ACTIVITY:
From the line that contains "Owen Farrell has" down to the last line of the data below, transcribe every line exactly.

DATA FOR REVIEW:
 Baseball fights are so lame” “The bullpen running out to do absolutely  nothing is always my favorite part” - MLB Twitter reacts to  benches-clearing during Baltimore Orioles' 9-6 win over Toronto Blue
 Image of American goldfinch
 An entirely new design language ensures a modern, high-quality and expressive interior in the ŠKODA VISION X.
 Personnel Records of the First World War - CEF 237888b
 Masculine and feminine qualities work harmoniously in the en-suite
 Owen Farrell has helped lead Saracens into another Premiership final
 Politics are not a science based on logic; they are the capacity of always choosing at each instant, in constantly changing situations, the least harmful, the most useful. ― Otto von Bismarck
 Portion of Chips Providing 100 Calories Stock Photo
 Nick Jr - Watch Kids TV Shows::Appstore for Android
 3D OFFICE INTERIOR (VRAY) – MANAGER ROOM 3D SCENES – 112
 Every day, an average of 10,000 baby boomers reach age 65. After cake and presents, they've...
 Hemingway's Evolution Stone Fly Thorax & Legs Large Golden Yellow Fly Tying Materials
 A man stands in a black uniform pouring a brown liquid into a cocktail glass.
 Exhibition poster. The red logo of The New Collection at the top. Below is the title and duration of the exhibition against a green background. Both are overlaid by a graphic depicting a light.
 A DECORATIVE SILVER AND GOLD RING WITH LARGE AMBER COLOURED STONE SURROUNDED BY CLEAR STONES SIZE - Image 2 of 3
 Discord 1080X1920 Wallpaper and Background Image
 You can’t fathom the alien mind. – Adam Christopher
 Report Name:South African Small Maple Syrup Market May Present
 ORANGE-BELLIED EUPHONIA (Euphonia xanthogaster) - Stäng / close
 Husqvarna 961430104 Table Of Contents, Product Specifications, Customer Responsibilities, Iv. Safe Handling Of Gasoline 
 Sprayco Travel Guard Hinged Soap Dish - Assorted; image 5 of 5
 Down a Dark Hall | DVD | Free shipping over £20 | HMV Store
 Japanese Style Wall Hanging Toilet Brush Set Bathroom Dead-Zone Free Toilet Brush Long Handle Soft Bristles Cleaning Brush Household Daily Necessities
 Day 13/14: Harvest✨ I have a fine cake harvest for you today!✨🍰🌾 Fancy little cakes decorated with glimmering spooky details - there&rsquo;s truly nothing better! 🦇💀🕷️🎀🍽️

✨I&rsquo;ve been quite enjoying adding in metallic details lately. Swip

ANSWER TO THIS TASK:
 Owen Farrell has helped lead Saracens into another Premiership final
 Politics are not a science based on logic; they are the capacity of always choosing at each instant, in constantly changing situations, the least harmful, the most useful. ― Otto von Bismarck
 Portion of Chips Providing 100 Calories Stock Photo
 Nick Jr - Watch Kids TV Shows::Appstore for Android
 3D OFFICE INTERIOR (VRAY) – MANAGER ROOM 3D SCENES – 112
 Every day, an average of 10,000 baby boomers reach age 65. After cake and presents, they've...
 Hemingway's Evolution Stone Fly Thorax & Legs Large Golden Yellow Fly Tying Materials
 A man stands in a black uniform pouring a brown liquid into a cocktail glass.
 Exhibition poster. The red logo of The New Collection at the top. Below is the title and duration of the exhibition against a green background. Both are overlaid by a graphic depicting a light.
 A DECORATIVE SILVER AND GOLD RING WITH LARGE AMBER COLOURED STONE SURROUNDED BY CLEAR STONES SIZE - Image 2 of 3
 Discord 1080X1920 Wallpaper and Background Image
 You can’t fathom the alien mind. – Adam Christopher
 Report Name:South African Small Maple Syrup Market May Present
 ORANGE-BELLIED EUPHONIA (Euphonia xanthogaster) - Stäng / close
 Husqvarna 961430104 Table Of Contents, Product Specifications, Customer Responsibilities, Iv. Safe Handling Of Gasoline 
 Sprayco Travel Guard Hinged Soap Dish - Assorted; image 5 of 5
 Down a Dark Hall | DVD | Free shipping over £20 | HMV Store
 Japanese Style Wall Hanging Toilet Brush Set Bathroom Dead-Zone Free Toilet Brush Long Handle Soft Bristles Cleaning Brush Household Daily Necessities
 Day 13/14: Harvest✨ I have a fine cake harvest for you today!✨🍰🌾 Fancy little cakes decorated with glimmering spooky details - there&rsquo;s truly nothing better! 🦇💀🕷️🎀🍽️

✨I&rsquo;ve been quite enjoying adding in metallic details lately. Swip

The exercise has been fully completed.